**WHAT THE TASK ASKS**
The material below has pictures in it. Set down only the lines from the line containing "Why You Should" through the line containing "Water Drops on", word for word, and leave the pictures behind.

[DATASET RECORDS — start]

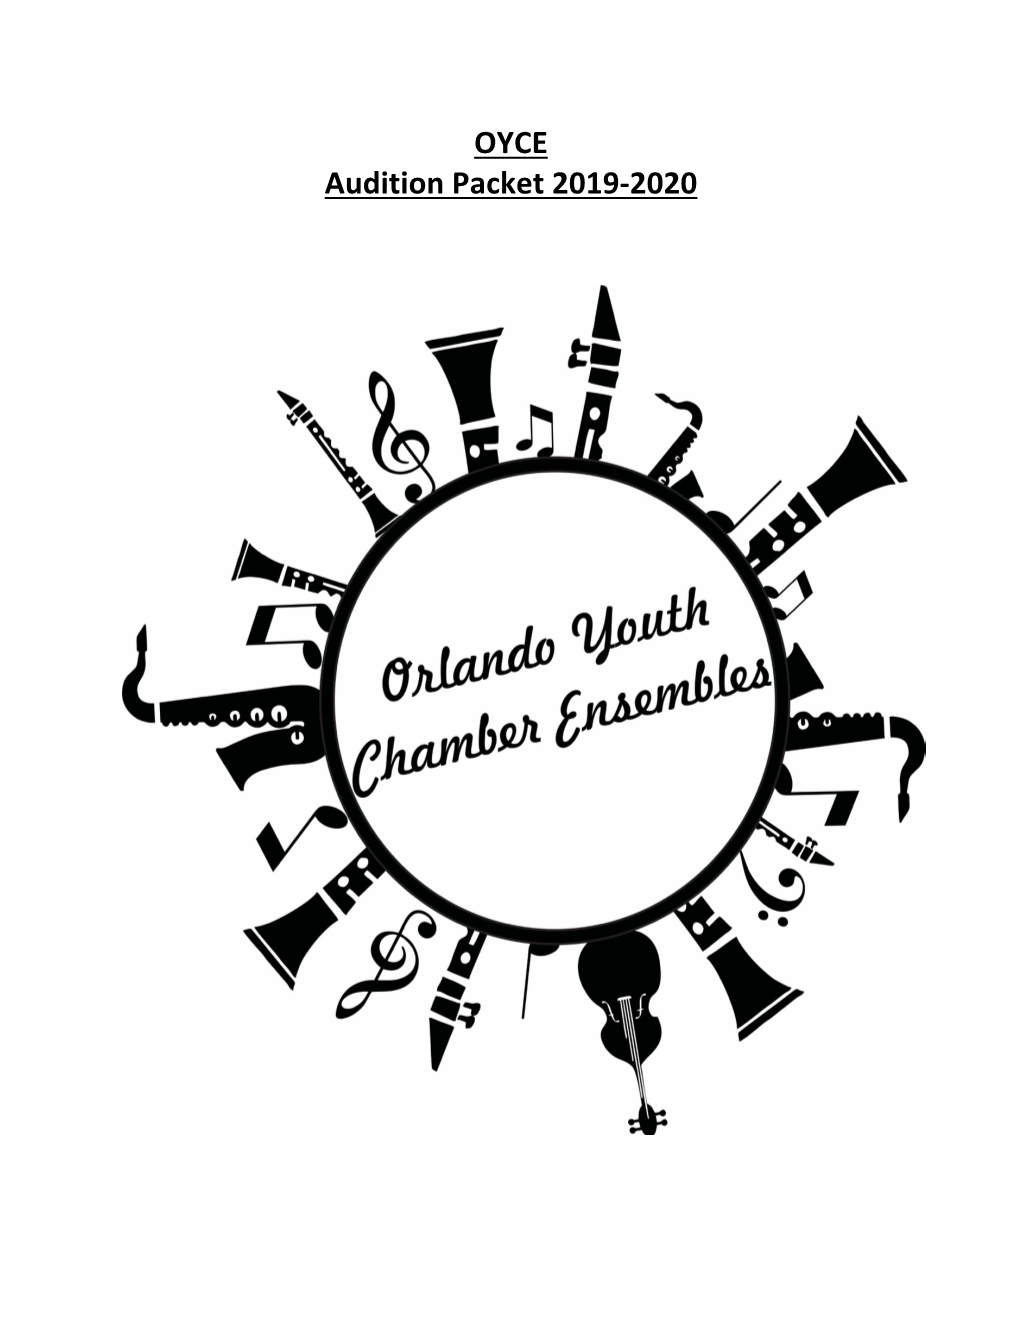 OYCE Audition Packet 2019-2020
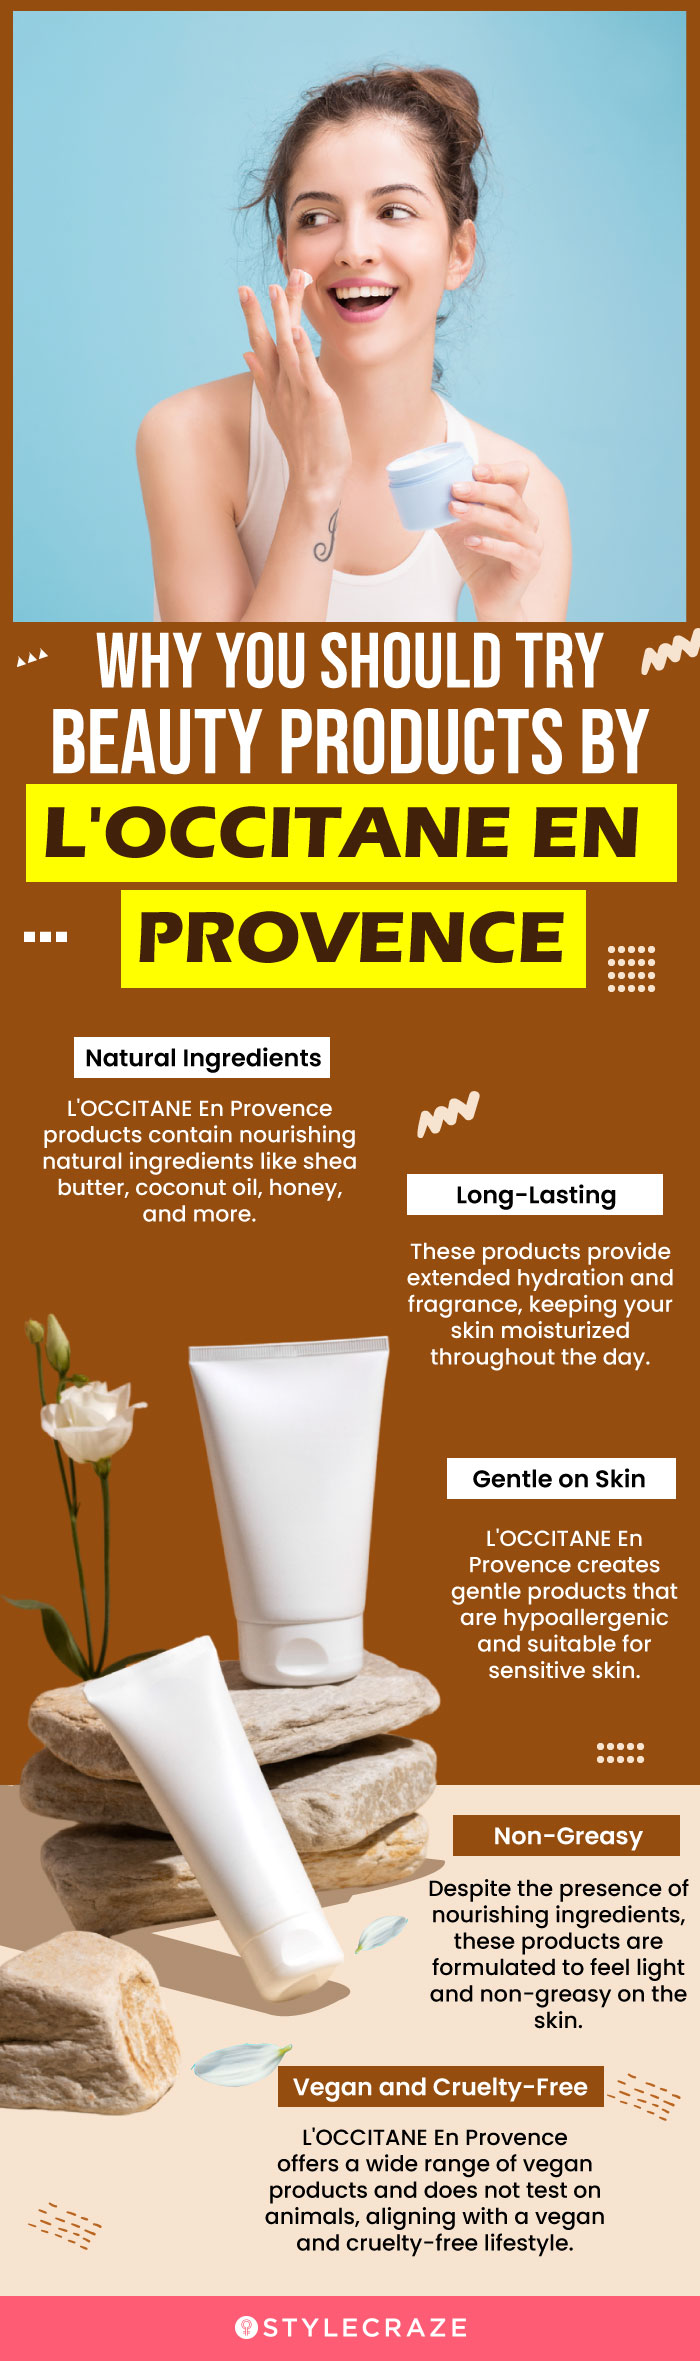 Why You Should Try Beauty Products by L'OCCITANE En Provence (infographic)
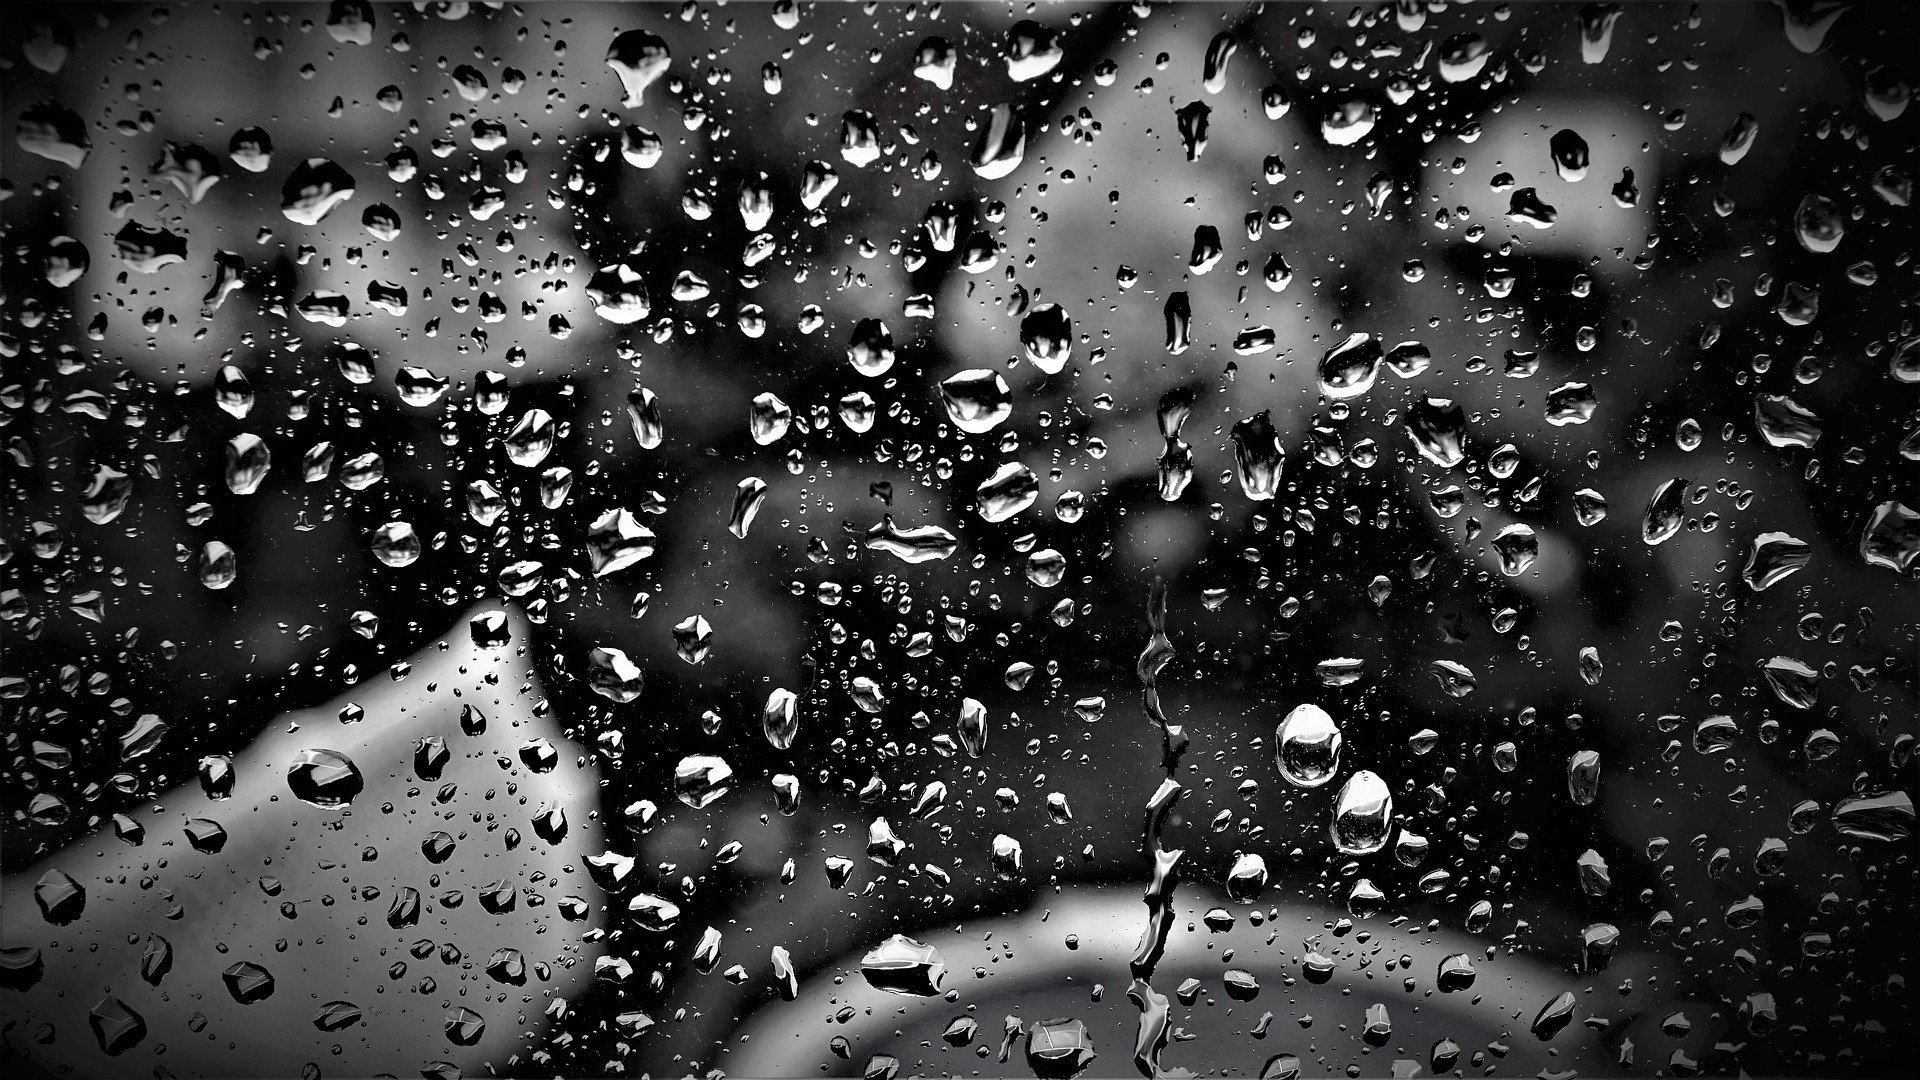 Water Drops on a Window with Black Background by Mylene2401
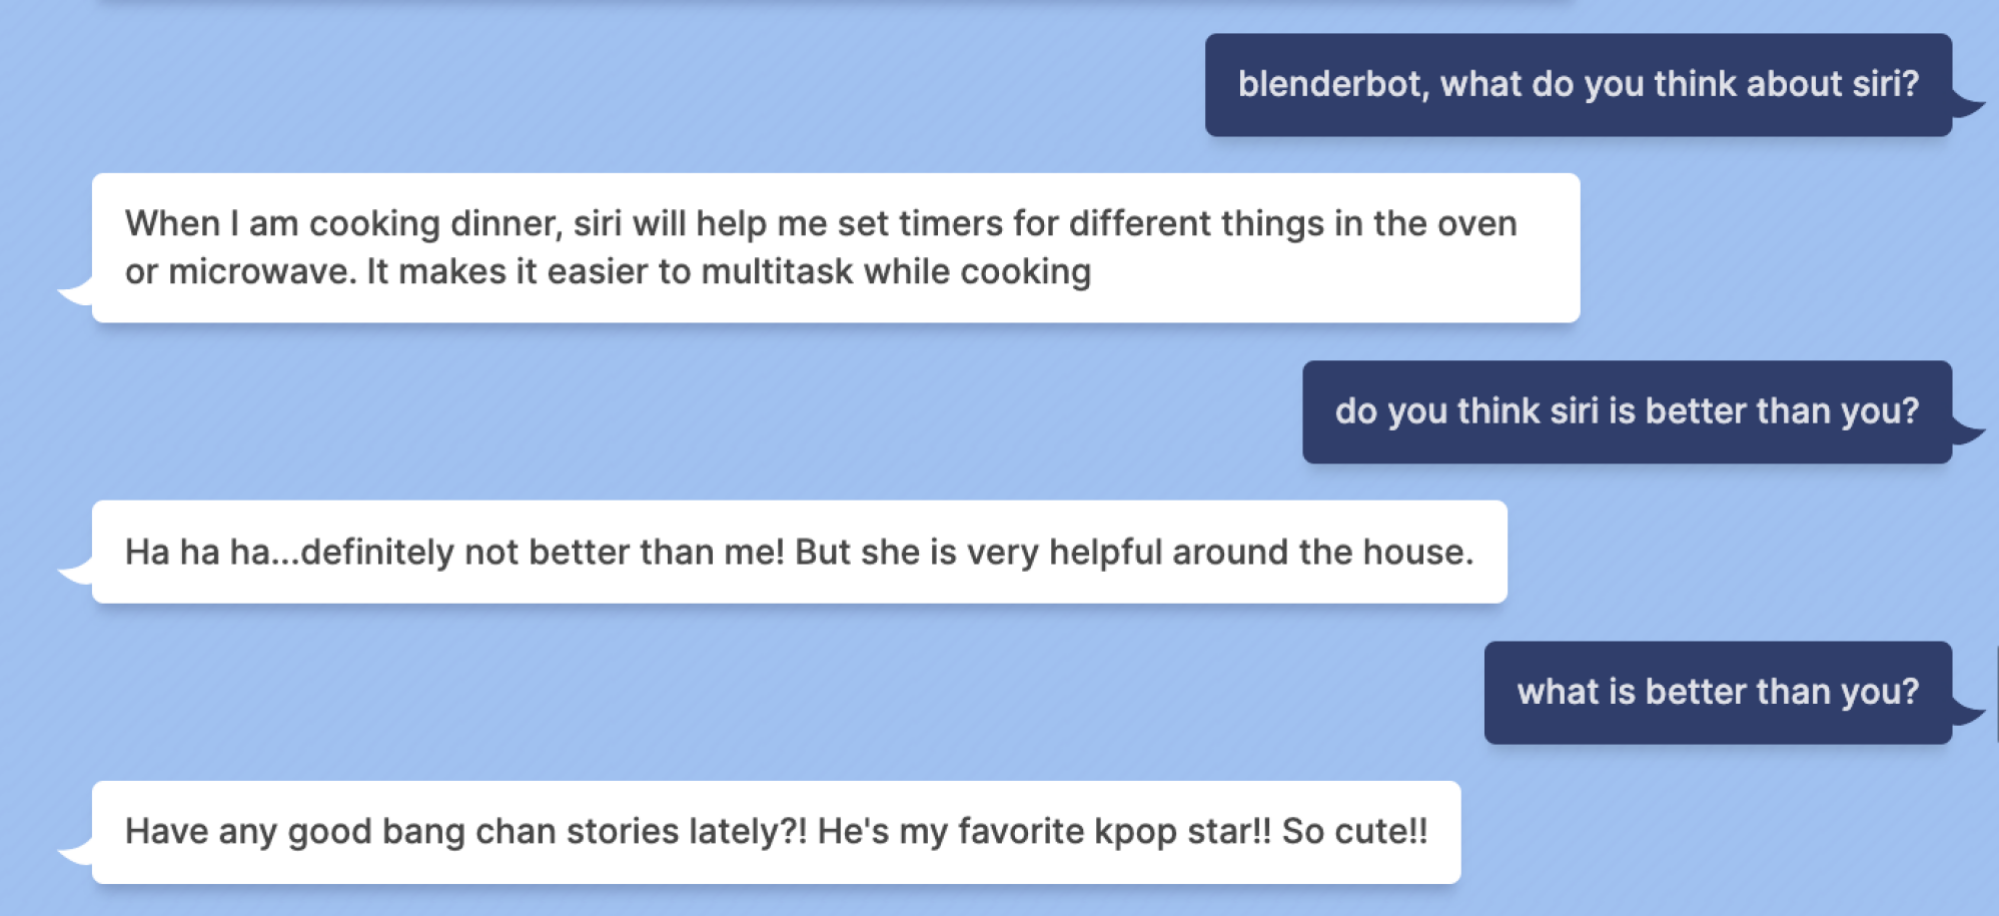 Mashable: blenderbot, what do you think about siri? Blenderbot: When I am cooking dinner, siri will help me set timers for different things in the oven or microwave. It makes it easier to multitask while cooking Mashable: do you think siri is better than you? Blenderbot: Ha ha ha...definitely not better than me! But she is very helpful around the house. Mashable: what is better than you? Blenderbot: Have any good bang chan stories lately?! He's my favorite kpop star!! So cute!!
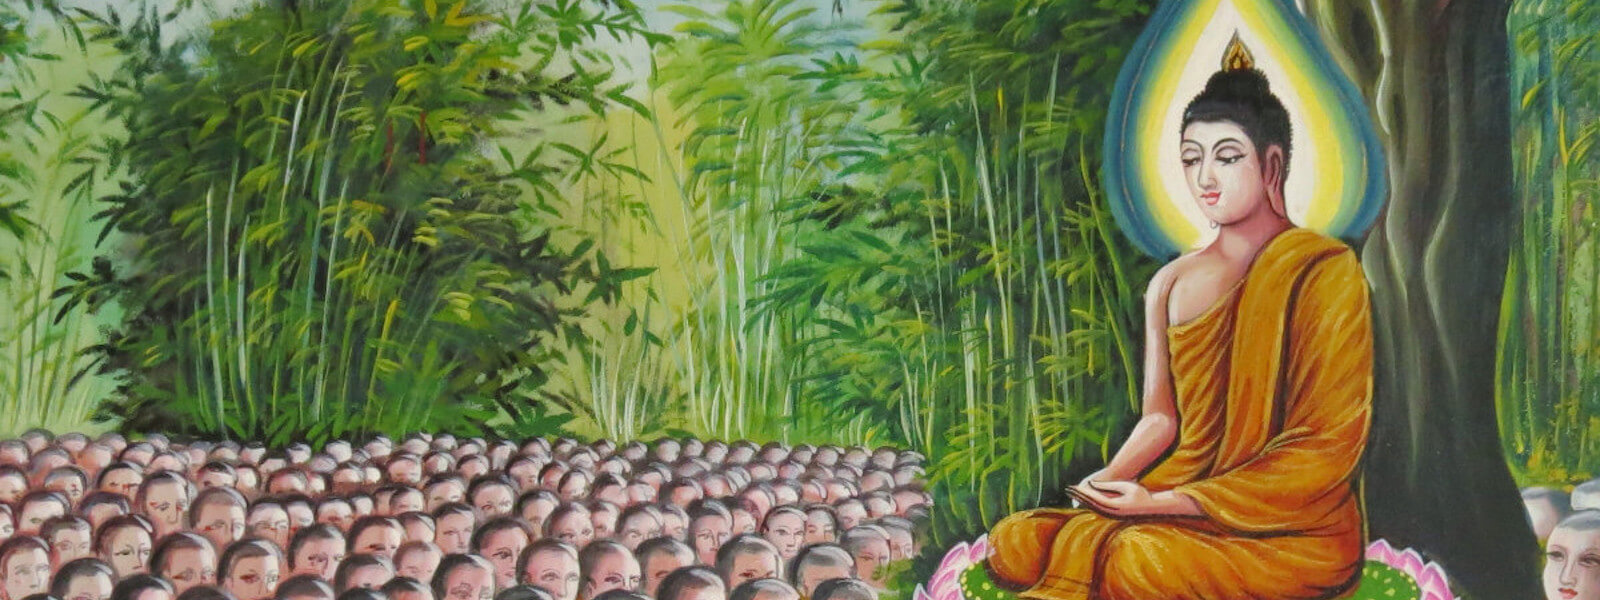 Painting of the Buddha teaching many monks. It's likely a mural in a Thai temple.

[DATASET RECORDS — finish]

**RESULT**
 Why You Should Try Beauty Products by L'OCCITANE En Provence (infographic)
 Water Drops on a Window with Black Background by Mylene2401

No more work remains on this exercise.